Whisper Me This

One of my bare feet is illuminated by light from the window; the other foot remains in shadow. Tiny blobs of bacon grease speckle the floor between them. A haze of smoke winds its way in a visible layer above my head. Elle’s eyes are bright with curiosity. Her hand, holding the phone, looks strong and capable, and the smooth curve of her nails is the same as her father’s.

I watch my own hand reach out for the phone. The fingers are longer than Elle’s, more tapered, the nails coated in glittery black. There’s a burn from a grease splash right next to the first knuckle. It’s red around the edges, forming a perfect fluid-filled blister at the center. All those little body cells, rushing around to do damage control, histamine alarms blaring, white blood cells rushing in.

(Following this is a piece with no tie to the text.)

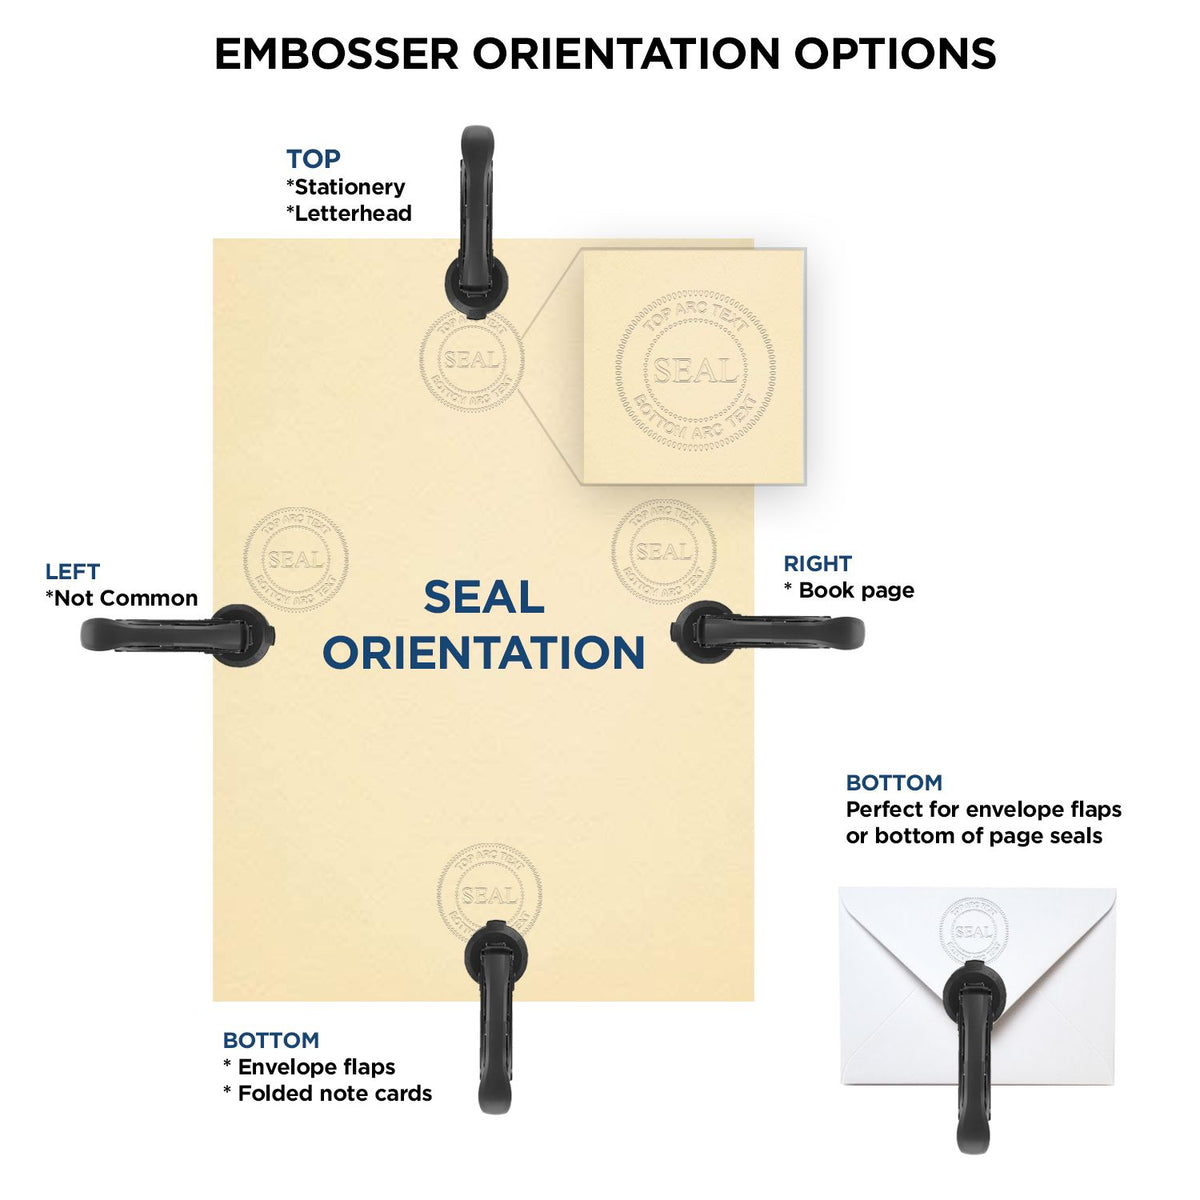 An infographic for the Heavy Duty Cast Iron Connecticut Land Surveyor Seal Embosser showing embosser orientation, this is showing examples of a top, bottom, right and left insert.

Elle shoves the phone into my hand, reminding me that I’m supposed to do something besides stand here. The phone feels heavier than it looks, and my voice, when I say hello, floats upward to join the smoke above my head, a cartoon bubble of a question that doesn’t want an answer.

I’m going to get an answer though, whether I want it or not. A long, detailed, scorching one, because this is Mrs. Carlton calling. Mrs. Stay-Off-My-Lawn Carlton. Mrs. I’m-Telling-Your-Mother Carlton. Mrs. Shouldn’t-You-Be-Doing-Homework and Why-Is-That-Boy-Kissing-You Carlton.

“Maisey?” I hardly recognize her voice. It’s gone soft and quavery. She sounds like she’s eighty. But then, she was already old when I was sixteen. She might be eighty now. She might be pushing a hundred.

“How did you get my number?”

“It was on your mother’s fridge. I’m calling because I don’t think your father should be alone just now.”

“Why not?” That’s the first question. It’s followed by the crushing and more obvious one, the question that transforms my lungs from spongy air reservoirs into solid, impermeable plastic, incapable of retaining oxygen. “Where’s Mom?” That’s the second question, the one I don’t want to hear the answer to.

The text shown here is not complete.